試合後の福原はさばさばした表情だった。「いっぱい何かをつかみました。この五輪ですべてを出し切りました」。支えてもらった人に対しては「まずは、ありがとうと言いたい。ここまで来られたのはみなさんのおかげです」と語った。
父武彦さんは2人のコーチを「長女と次女みたい」と言う。「長女」が山西省出身の高林慧(けい)さん(41)で、「次女」が遼寧省出身の湯媛媛(タン・ユワンユワン)さん(25)だ。この日も観客席から声援を送った2人。その役割は対照的だ。
元中国代表選手の高林さんは88年に来日し、約15年前に日本国籍を取った。福原には厳しく接する役だ。04年冬の遼寧省での合宿で、福原は単純ミスを繰り返した。そのたびに周囲にミスの原因を教えて欲しいというようなそぶりをみせたため、「自分で考えなさい」としかった。
「言うべきことはしっかり言っておかないと、試合の厳しい場面で力を発揮できない」と高林さん。福原もその考えを理解している。
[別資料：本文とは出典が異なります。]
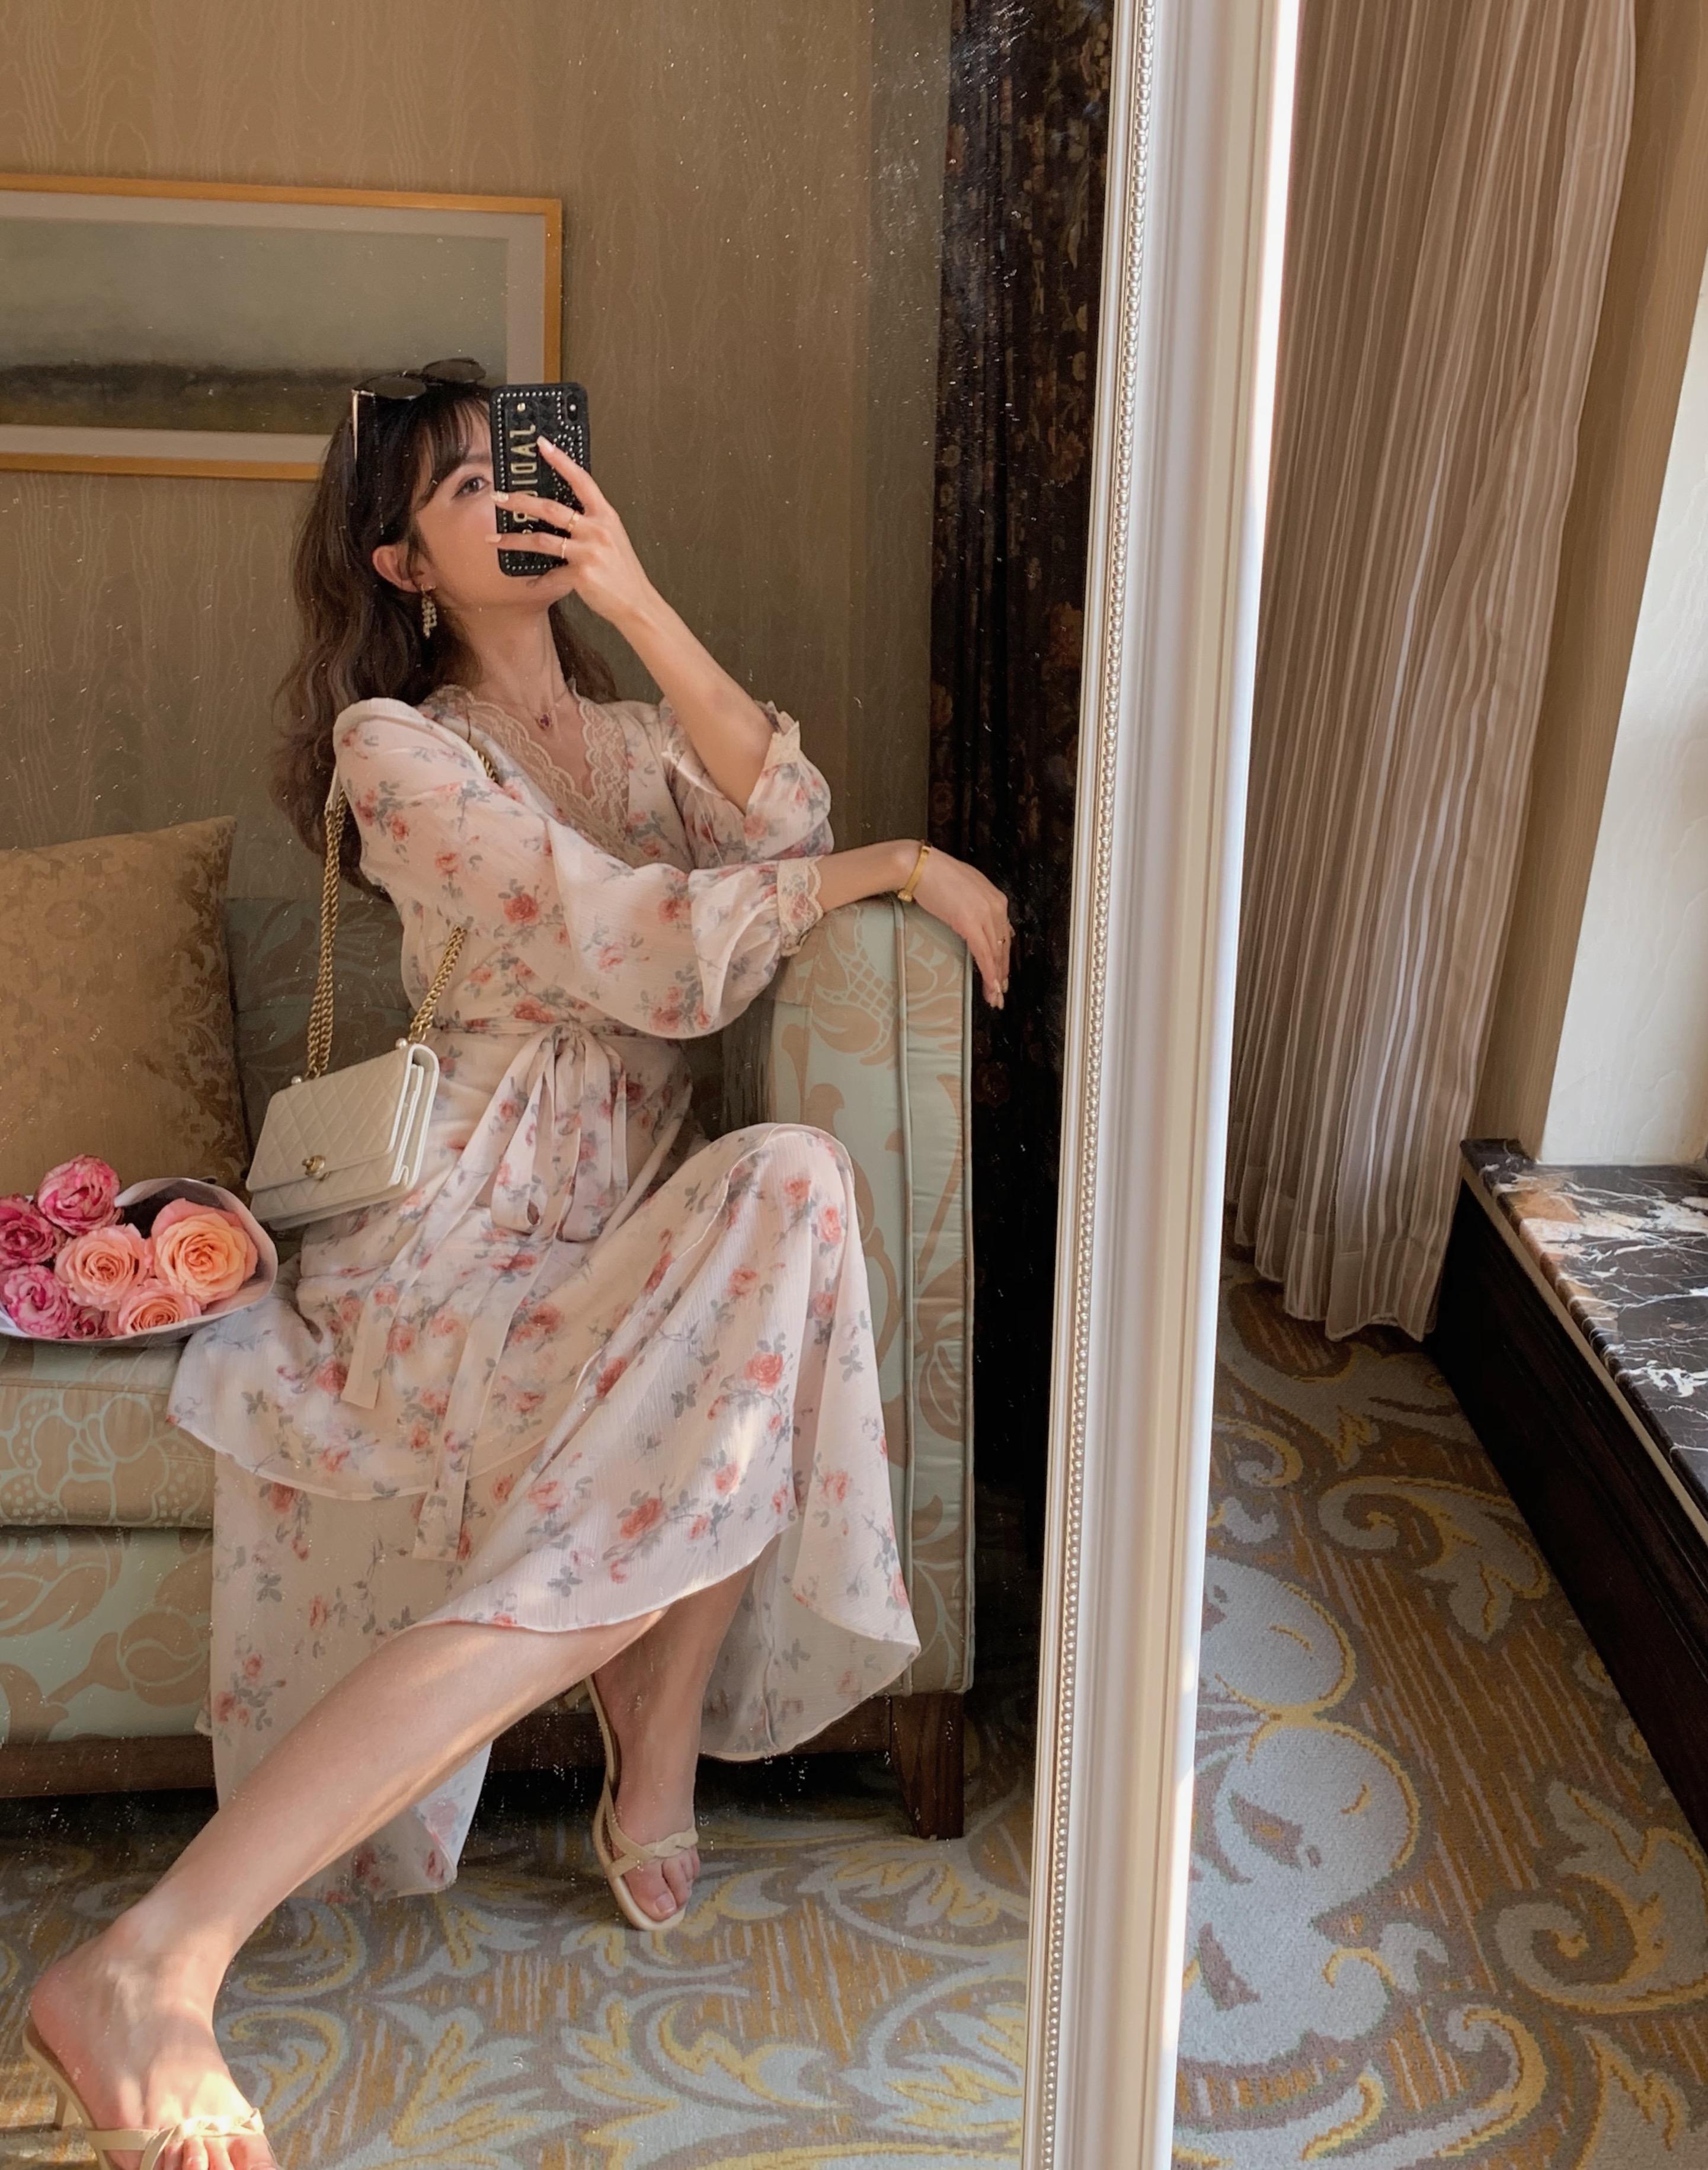 acaine 法式复古优雅碎花裙v领蕾丝花边设计抽绳收腰长袖连衣裙女图片

用具や技術、練習方法で迷って熟考しても判断出来ないとき、相談する相手で、2月に強い球を打てないと悩んだ時も、高林さんに「教えてほしい」と電話した。それから短期間で、一対一の指導でフォームの改造につなげた。
一方、湯さんは癒やし系だ。福原は試合中、よく観客席に目をやる。その視線の先にいる。「落ち着いて、落ち着いて」。身ぶり手ぶりや表情で助けてくれる。
福原が練習拠点にしていた瀋陽で、99年に初めて会った。同省選抜チームの一員だった湯さんは練習場で福原と球を打ち合った。「長い時間、手を抜かない。世界王者たちと同じ。『この子は伸びるな』と思った」と湯さん。武彦さんに見込まれ、専属コーチとして02年に来日した。
2人は着る服を一緒に選ぶ。試合相手の研究のために冗談を言い合いながらビデオを見る。福原にとってリラックスできる相手だ。
高林さんは「よくがんばった。相手が巨大すぎた」。湯さんは「これからも一緒にがんばろう。そう思わせてくれた試合だった」と福原をねぎらった。2人のコーチと福原の挑戦はまだまだ続く。(岡田健)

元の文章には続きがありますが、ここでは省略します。